Taraflar arasındaki teknik şartnamede, yüklenicinin kıdem tazminatından sorumlu tutulmayacağına dair açık bir hüküm bulunduğu saptandığına göre ve rücu ilişkisinde taraflar arasındaki sözleşme hükümlerinin uygulanması gerektiği veçhile, dava dışı işçiye ödenen tutaqrın davalı şirket nezdindeki çalışma süresine tekabül eden kısmının davalıdan talep edilmesine olanak yoktur.

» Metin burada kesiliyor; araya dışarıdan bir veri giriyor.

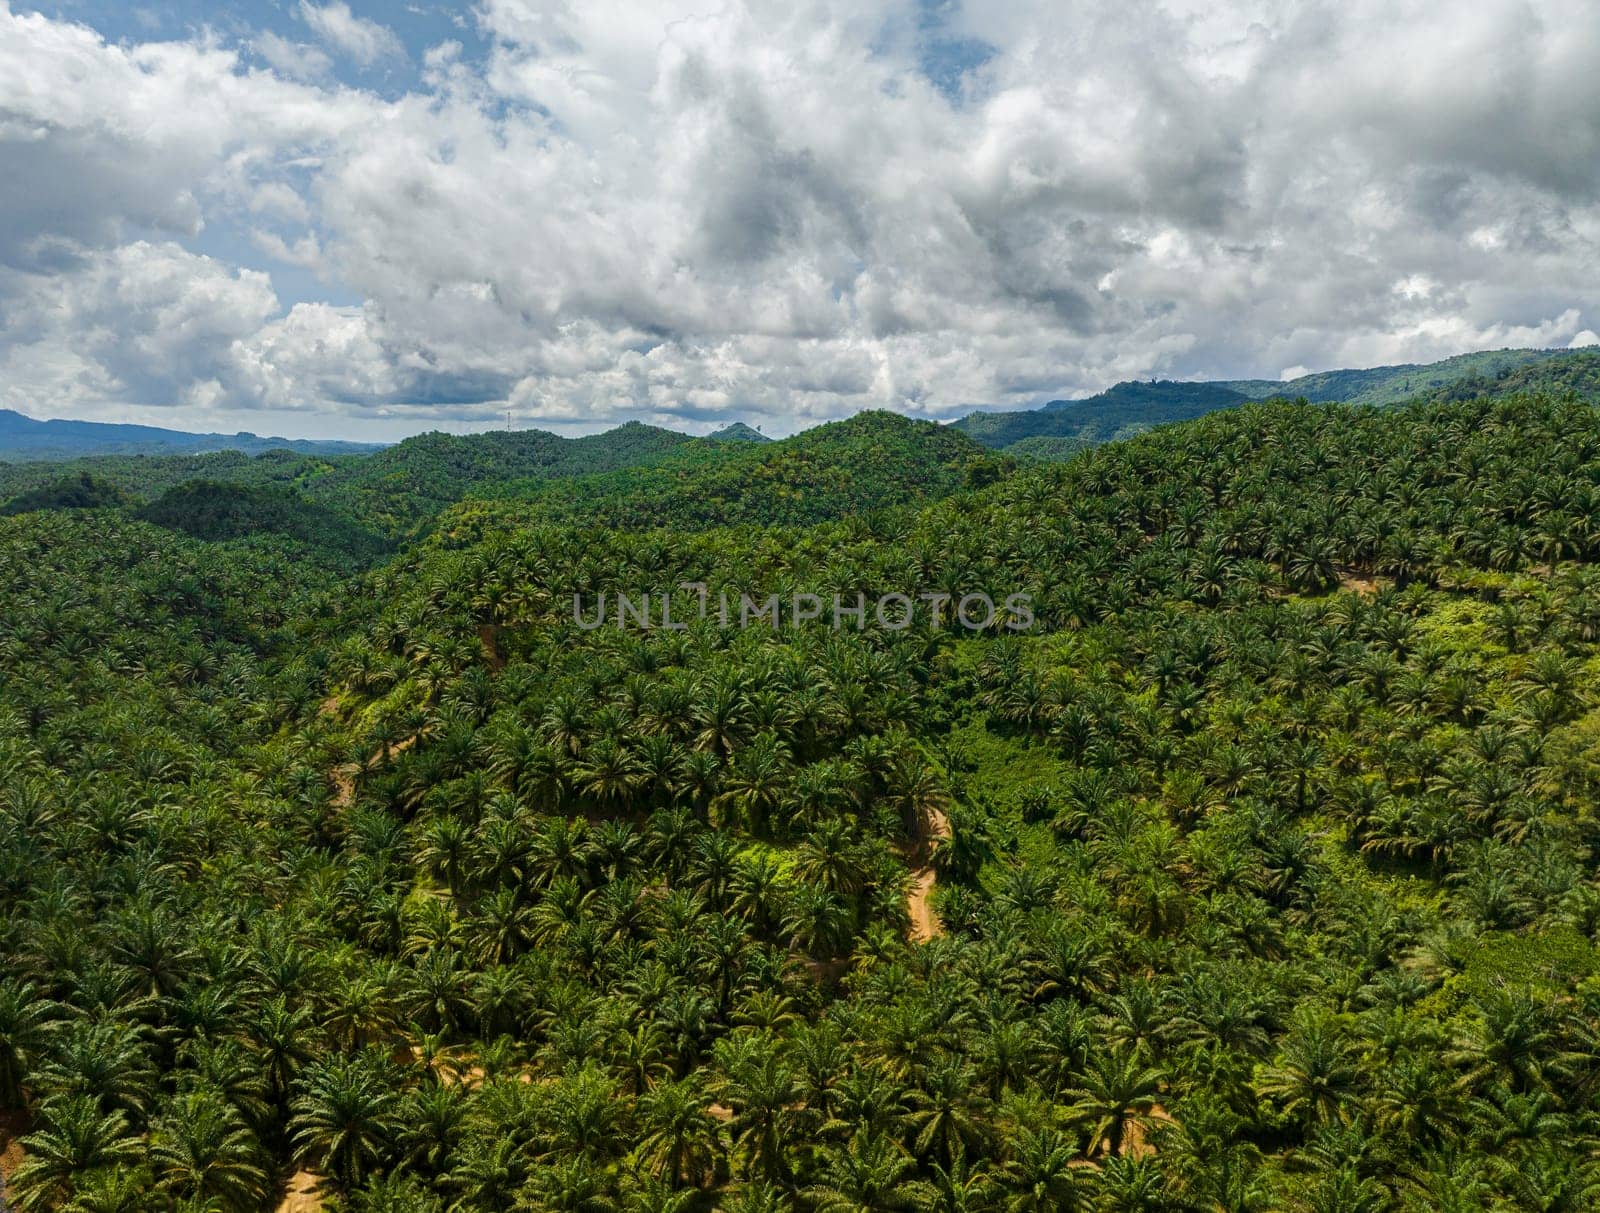 Oil palm plantations in Malaysia. Palm oil estate in Borneo.

Bu tutar, taraflar arasındaki sözleşme hükümleri uyarınca davacı üzerinde bırakılmalıdır.
Bu sebeplerle, davanın reddine karar verilmiş, yargılama giderleri ile davadan önceki zorunlu arabuluculuk ücreti davacıya tahmil edilmiştir.
HÜKÜM: Gerekçesi yukarıda açıklandığı üzere;
1-Davanın reddine,
2-Harçlar Kanunu gereğince alınması gerekli 59,30-TL karar ve ilam harcından peşin harcın mahsubu ile bakiye 64,85-TL’nin karar kesinleştiğinde ve istek halinde davacıya iadesine,
3-Davacı tarafından yapılan yargılama giderlerinin kendi üzerinde bırakılmasına,
4-Davalı, davayı vekil marifetiyle takip ettiğinden karar tarihinde yürürlükte bulunan AAÜT’ye göre belirlenen 3.195,70-TL vekalet ücretinin davacıdan alınarak davalıya verilmesine,
5-Zorunlu Arabulucuk sürecinde Adalet Bakanlığı bütçesinden karşılanan 1.360-TL arabulucuk ücretinin davacıdan alınarak Hazineye gelir kaydına,
6-Gider avansından kullanılmayan kısmın, karar kesinleştiğinde ilgilisine iadesine,
Dair; davacı vekilinin yüzüne karşı, davalının yokluğunda, 6100 sayılı HMK’nun 341/2. maddesi uyarınca KESİN olmak üzere karar verildi, anlatıldı.

Katip …
¸

Hakim …
¸

5070 sayılı Elektronik İmza Kanunu’nun 5’inci maddesi kapsamında e-imza ile imzalanmıştır.